On Thursday, November 24, Harper introduced a motion of no confidence on the Liberal government. The vote on the motion took place on Monday, November 28. As the Liberals had lost NDP support by refusing to accept an NDP plan to prevent health care privatization, the no confidence motion was passed by a vote of 171-133. Harper led the Conservatives into an election, scheduled for January 23, 2006, the fate of which may determine his future as leader of the Conservative Party as well as that of Prime Minister Paul Martin‘s leadership of the Liberal Party if either fails to lead their party to victory.
2006 federal election
- Main articles: Canadian federal election, 2006, and [[]], and [[]], and [[]], and [[]]

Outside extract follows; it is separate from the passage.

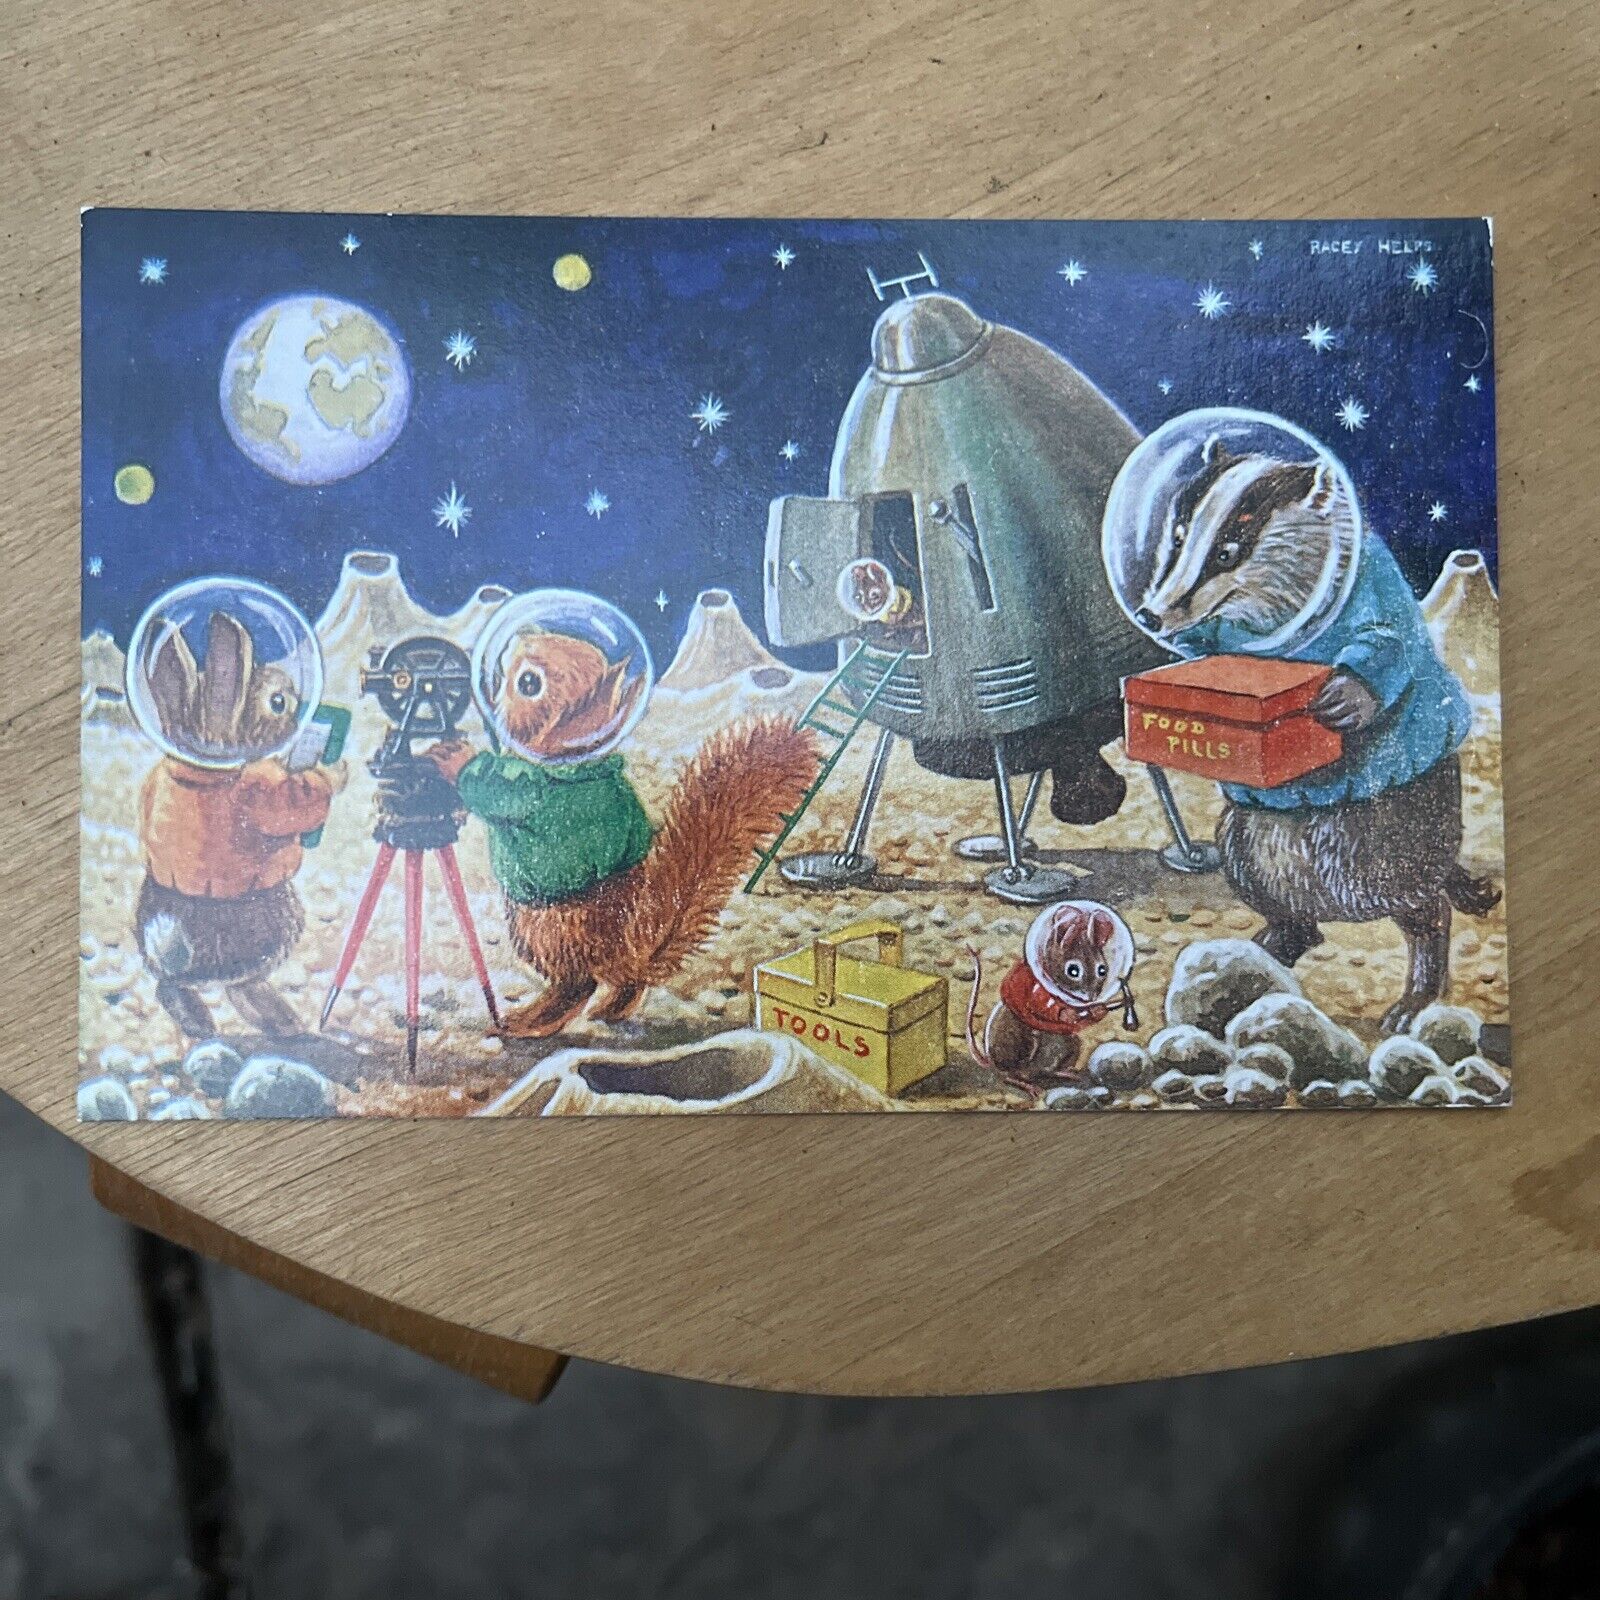 Landing On The Moon Vintage Racey Helps Astronomy Postcard London Britain

Stephen Harper started off the first month of the campaign with a positive approach making a policy-per-day announcement. This came as a surprise to most media, because they believed he would focus on the sponsorship scandal. The Liberals were opting to hold any major announcements until after the Christmas holidays. As a result of Harper making these announcements virtually unopposed by the Liberals he dominated media coverage for the first weeks of the campaign. Though his party showed only modest movement in the polls, Harper’s personal numbers, which had always trailed his party’s significantly, began to rise relatively rapidly.

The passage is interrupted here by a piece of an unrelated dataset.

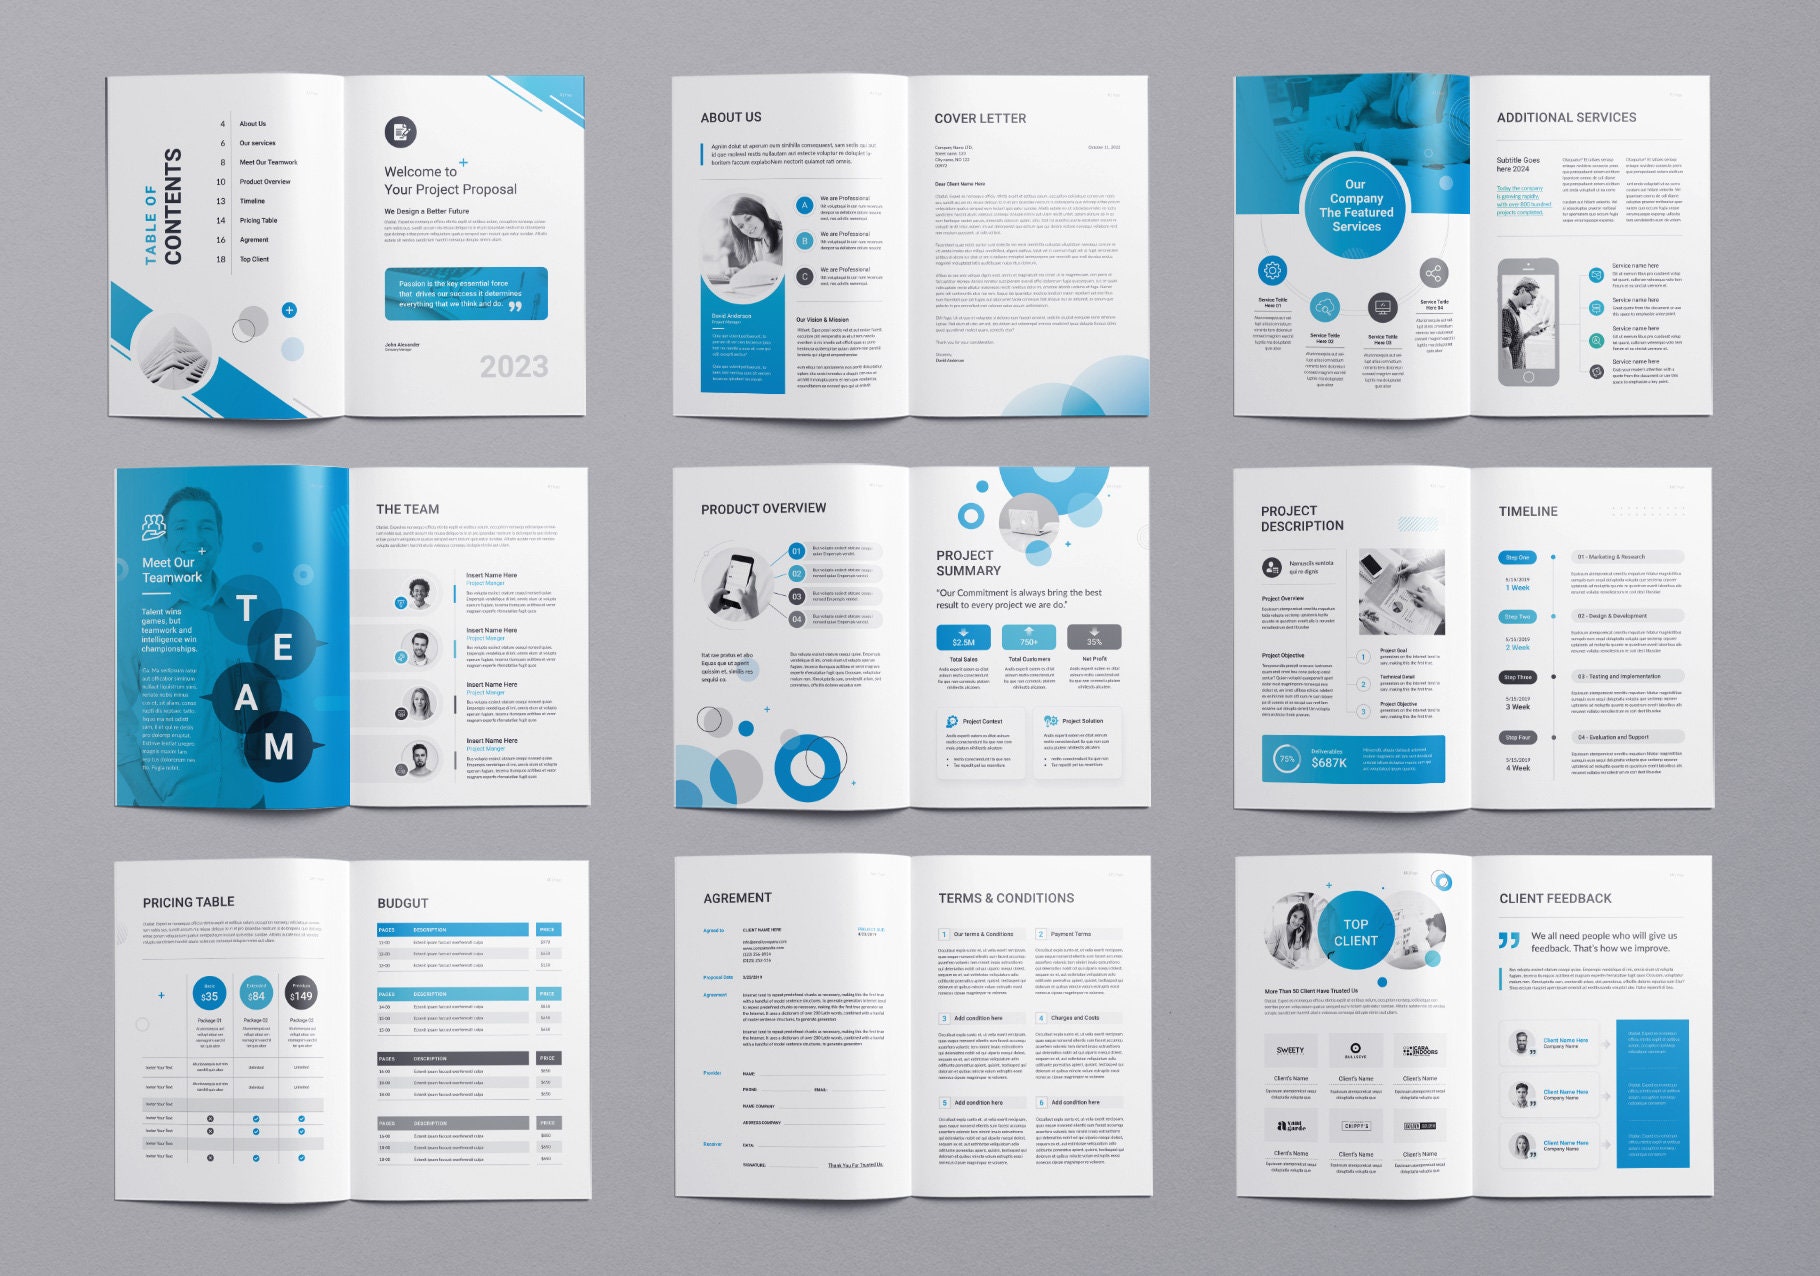 10 Best Business Proposal Templates in 2023

On December 27, 2005, the Royal Canadian Mounted Police (Canada’s federal police force), announced it was investigating Liberal Finance Minister Ralph Goodale‘s office for potentially engaging in insider trading before making an important announcement on the taxation of income trusts. This revelation and the refusal of Goodale to step aside during the investigation dominated news coverage for the following week and this allowed Harper to refocus on his previous attacks about what he called Liberal corruption due to this, the sponsorship scandal and other questionable parts of the Liberal record. Harper’s Conservative Party soon found itself leading in the polls.

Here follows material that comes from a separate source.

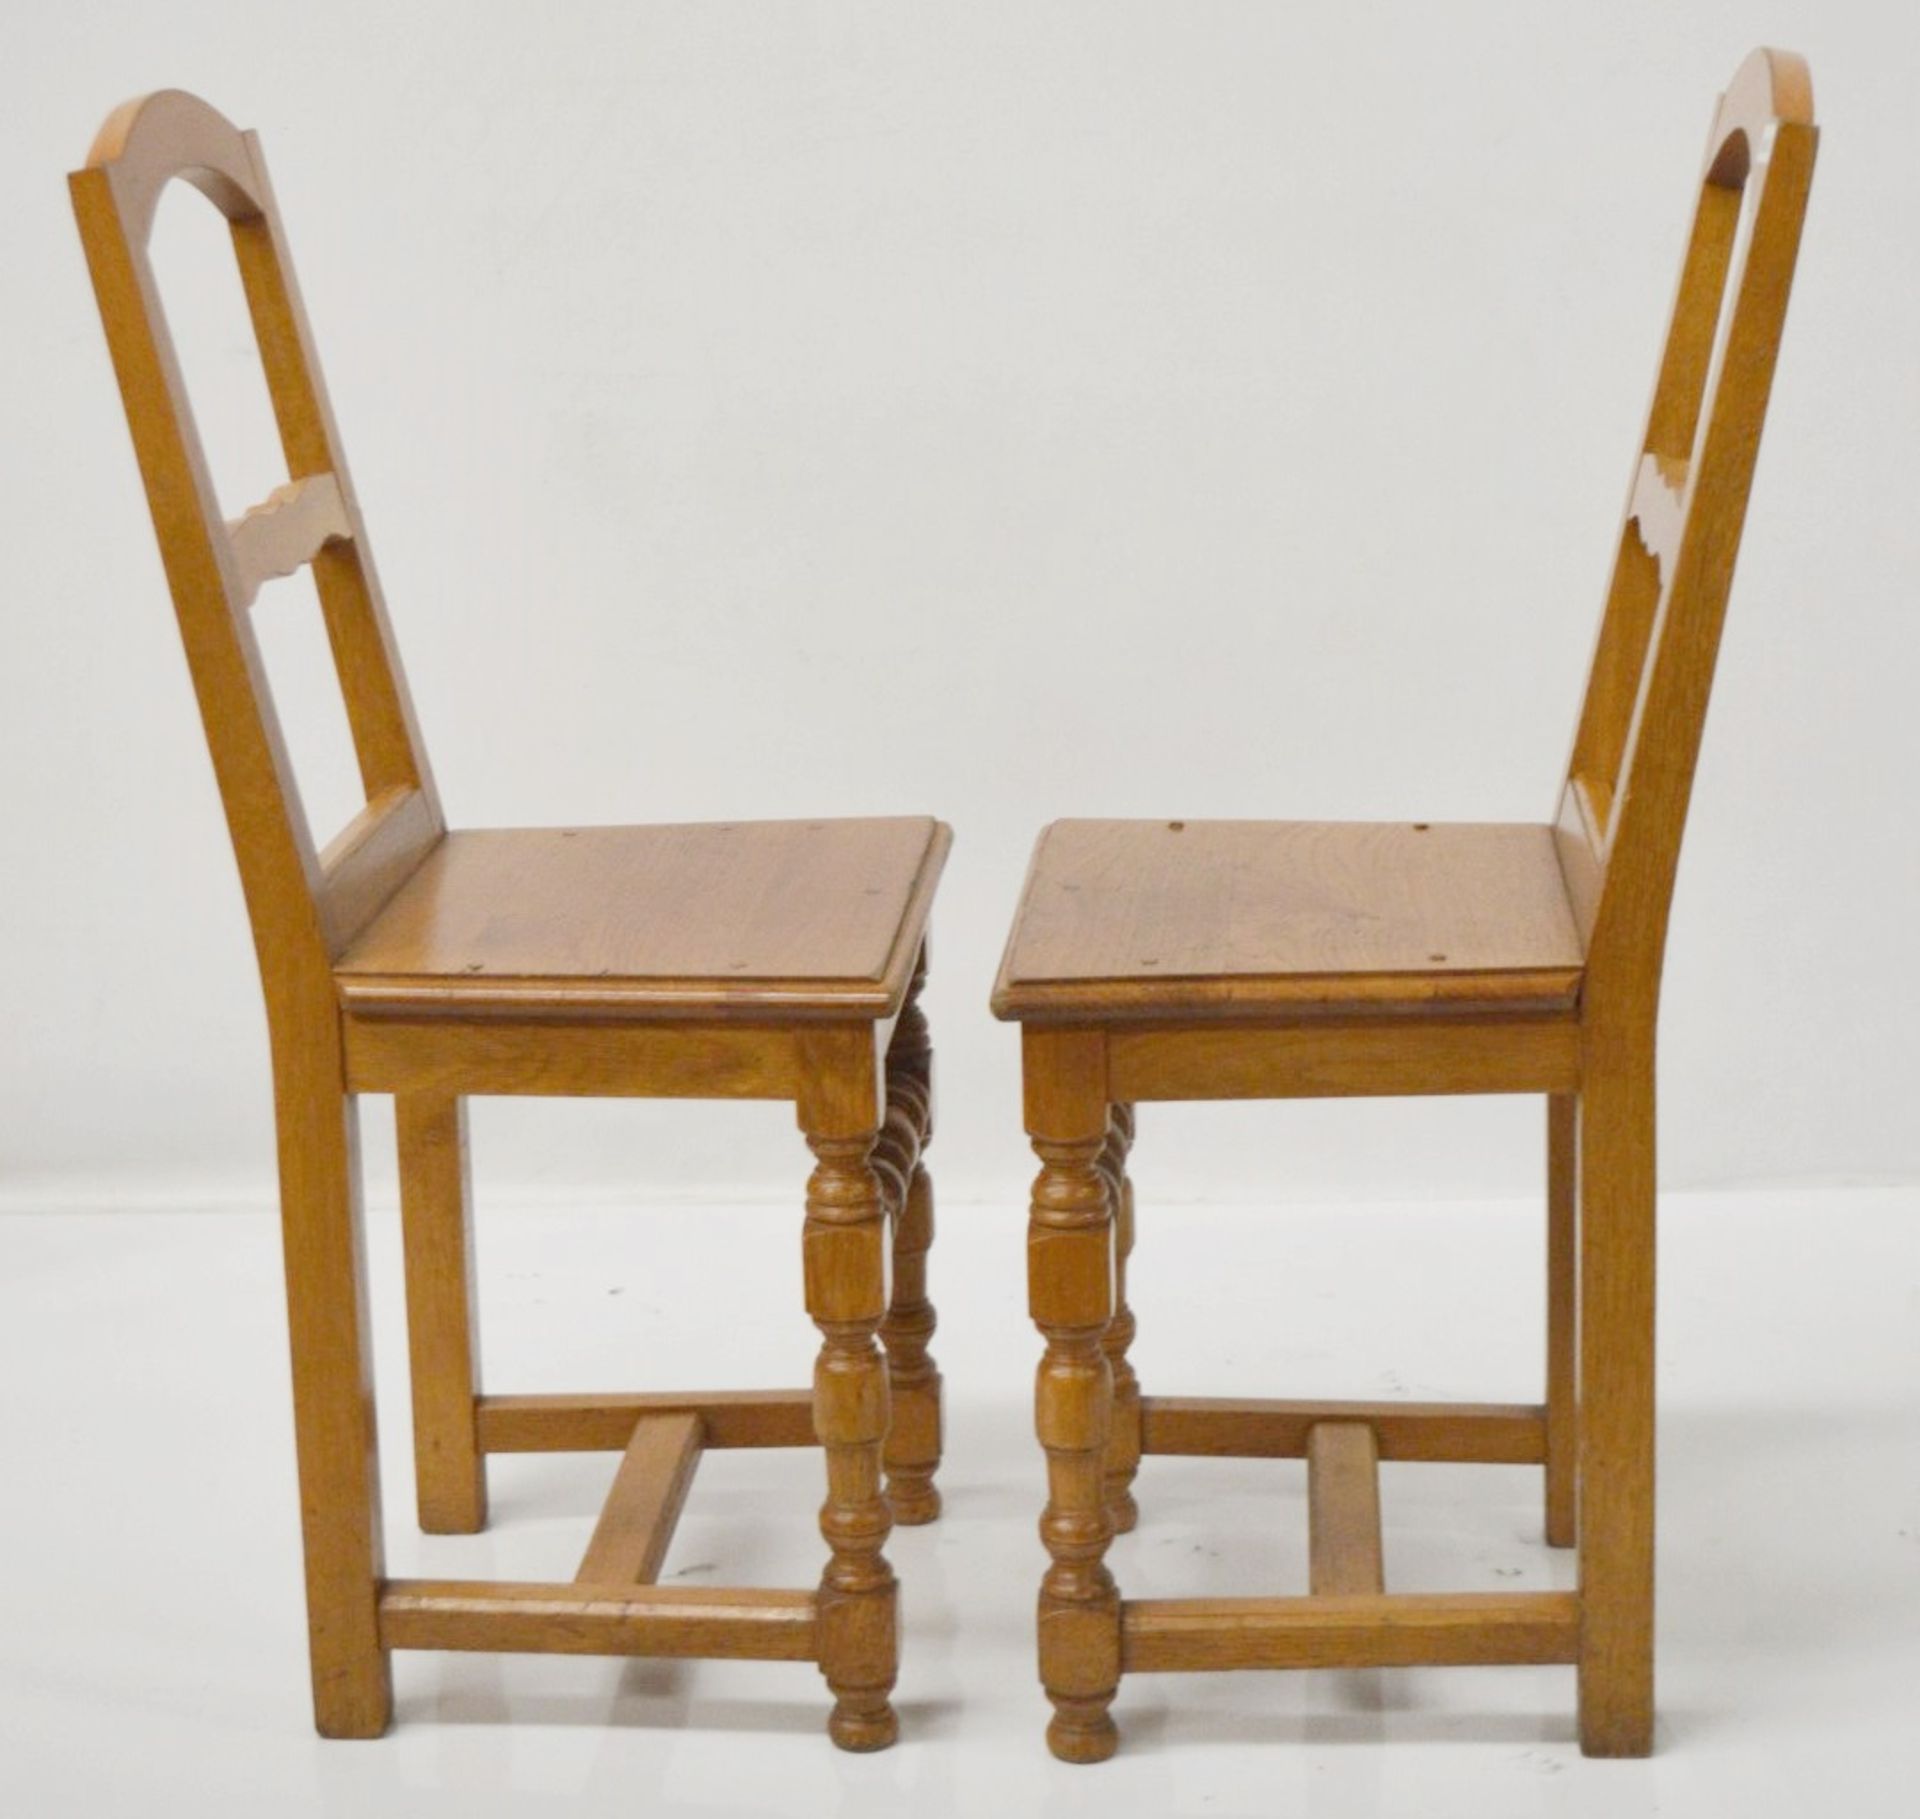 14 x Solid Wood Bistro Dining Chairs - Removed From A Leading Patisserie In London - Ref: MA103 - Image 2 of 5

In the 2004 election, when the Conservatives had briefly led the Liberals, many Canadians did not trust Harper so the Liberals responded by running negative ads suggesting Harper had a hidden agenda. In response to the Conservative lead the Liberals again launched these sorts of ads in the 2006 campaign; however, Harper’s numbers had risen considerably and polls found he was now considered more trustworthy than Liberal leader Paul Martin and the ads were not as convincing. Worse yet for the Liberals, one ad that was not intended to air was erroneously posted on their website and released to the media with the other ads. This ad insinuated that Harper would place armed Canadian soldiers on the streets of major cities and that this would be a dangerous thing. This was in response to a Conservative pledge to put troops on the ready for aid to the civil power in the case of a natural disaster. This ad, and the negative reaction to it by military watches, Conservatives, and some prominent Liberals, became the news story for several days and the sting was taken out of the other ads.
The Liberal campaign became the focus of mockery by the press and Harper following this and Harper’s campaign continues to proceed without any major gaffe.
Stephen Harper is the Prime Minister-designate as of January 23, 2006. It is expected that he will be sworn in as prime minister by the Governor-General of Canada within a few weeks.